OV3-1 was delivered by Space-General to the Air Force in March 1966. Launched from Vandenberg PALC-D on 22 April 1966 at 9:45:00 UTC via Scout B rocket, OV3-1 was the first in the OV3 satellite series. Though it was only designed to last for 6 months, OV3-1 was still operating more than two years after launch, and by early 1967, sufficient regular results had been obtained. The experiments were henceforth only activated once a week, although activation was made as frequently as possible (range-scheduling capability permitting) during periods of high solar activity.

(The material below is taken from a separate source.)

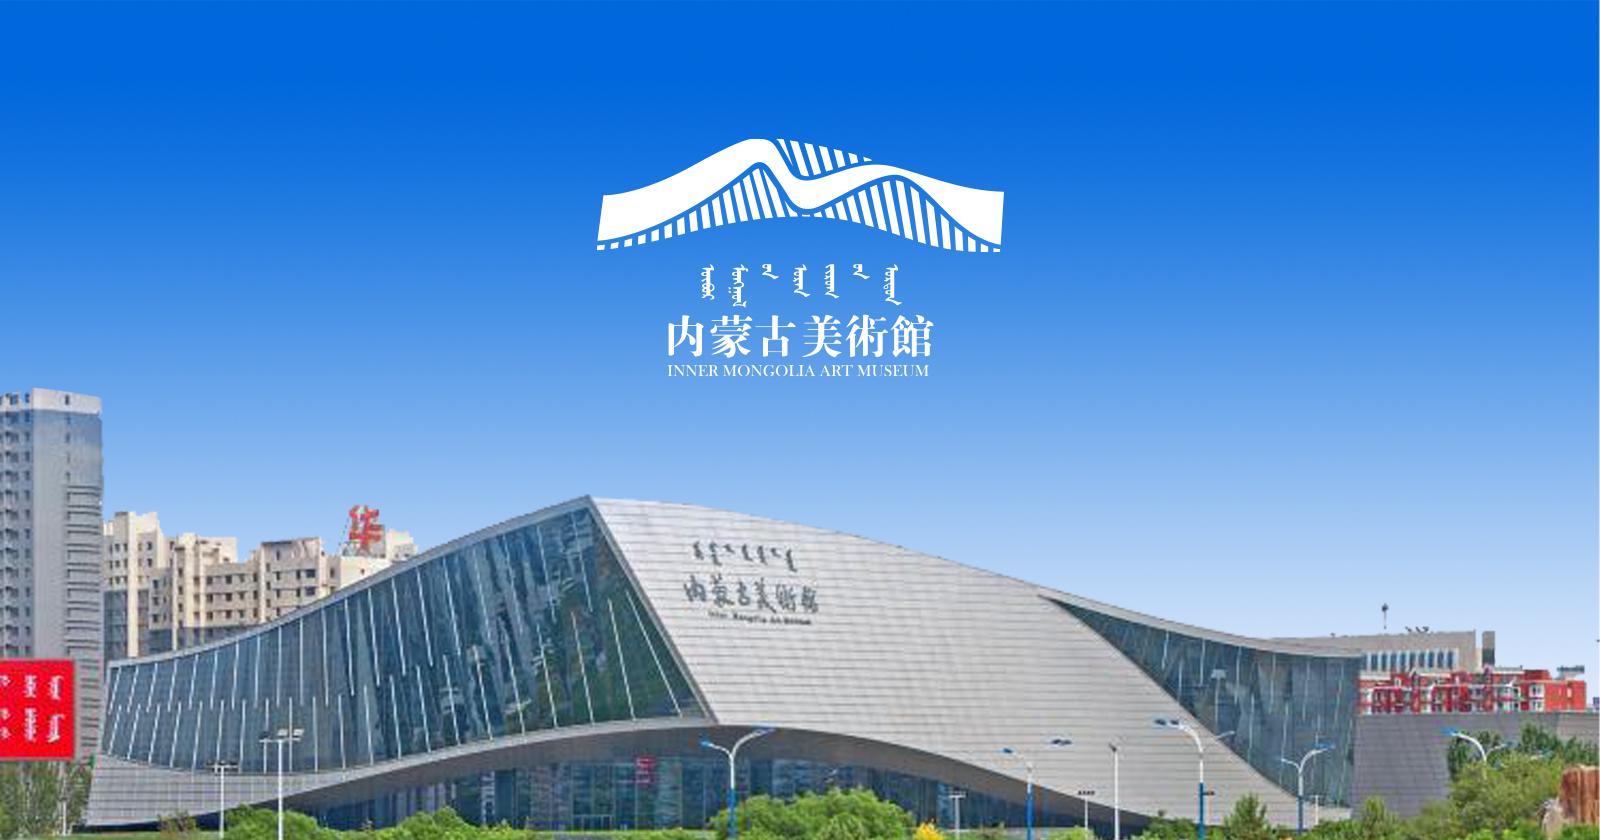 内蒙古美术馆

Though OV3-1 returned good data, the satellite did not perform perfectly. The two magnetometer-mounted booms may not have fully deployed, and the aluminum foil wrapping on them changed the scale factors of the magnetometers, decreasing their sensitivity, each to a different degree. As a result, the magnetic aspect could not be precisely determined. Nevertheless, thanks to the satellite's near polar orbit, OV3-1 was able to return useful data on the energy and distribution of electrons in the auroral regions.

==Legacy and status==

As of 1 April 2021, OV3-1 is still in orbit, and its position can be tracked on-line.

The OV3 program ultimately comprised 6 missions, five of them successful. The last (OV3-6) flew on 4 December 1967. The OV3-3 program was terminated following OV3 in favor of the cheaper OV1 program.